Kristyn Scorsone, a doctoral student in American studies at Rutgers Newark and volunteer director of the Queer Newark Oral History Project, left after recording a podcast episode with Noelle Lorraine Williams.

And the new generation of queer youth wants to know their history. Taylor is one of many interviewees whose stories have been archived for eternity by the Queer Newark Oral History Project. There has always been a strong LGBTQ and ballroom community in Newark, he says, but these stories and memorabilia remain in the closed circles of the community.

“You had to tell people that the story was important enough to record so they could bring out their photos,” he says. “Because otherwise, why would anyone come here? Why would anyone want that picture?
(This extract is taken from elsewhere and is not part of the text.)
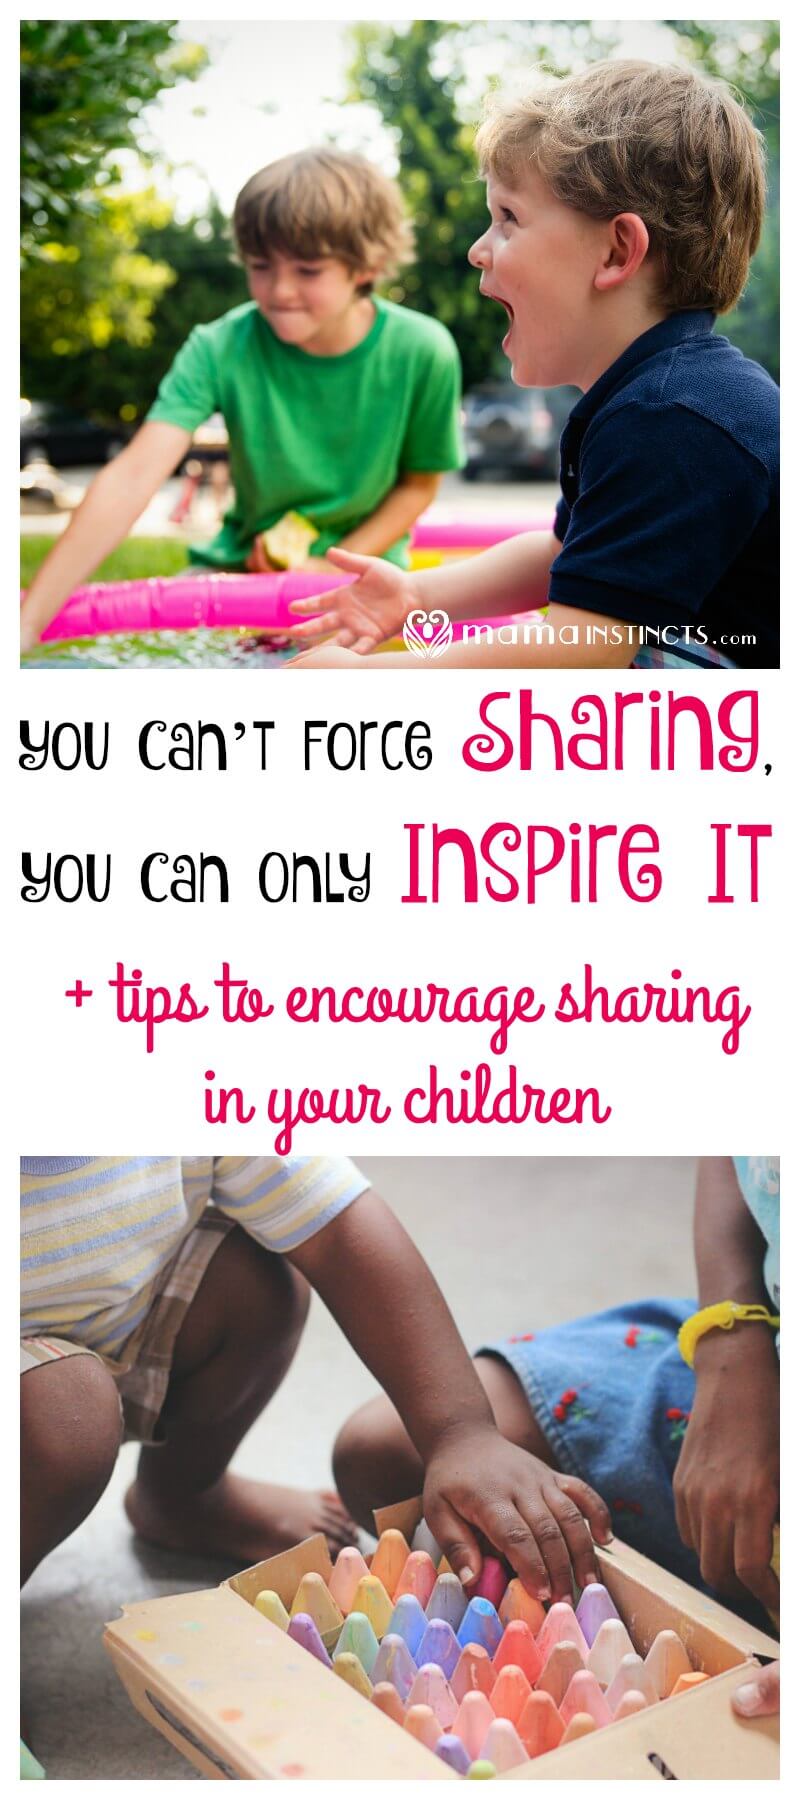 What do you do when all of a sudden 2 kids want the same toy? Forcing them to share is not the answer. Find out why and how to inspire sharing in your child.

Why would anyone care?”

That’s part of the beauty of the project, in Scorsone’s eyes: People are the source of this rich, ongoing archive. “The members of the community are the experts,” they say. “We tend to give expertise only to people with PhDs, to people with elite power. But the people here have expertise, and they’ve taken it from their hearts and minds and given it to us as a gift.”

This gift has taken many forms: the Queer Newark podcast, a walking tour of Newark’s historic LGBTQ sites, a new book called Queer Newark: Stories of Resistance, Love and Communityan accompanying online exhibition on OutHistory.org and events such as the story slam In Our Words… stories from the battlefield of love – the good, the bad and the revolutionary.

Scorsone hopes the project continues to grow and evolve, giving queer people access to a history that is so often denied to them.

For Taylor, the audio recordings themselves are crucial. Part of that is accessibility: in some areas, reading them can be difficult or even dangerous.

Another aspect is the unique queer experience of feeling uncomfortable in potentially hostile environments and then hearing the voice of another queer person and feeling less alone. The recordings offer this experience in a digital format. They are an affirmation of an ongoing queer legacy, told in the community’s own voice.

“When we talk about Black Lives Matter, when we talk about Black trans lives mattering, when we talk about our place in queer history,” Taylor said, “you know… it’s up to us to put it into words.”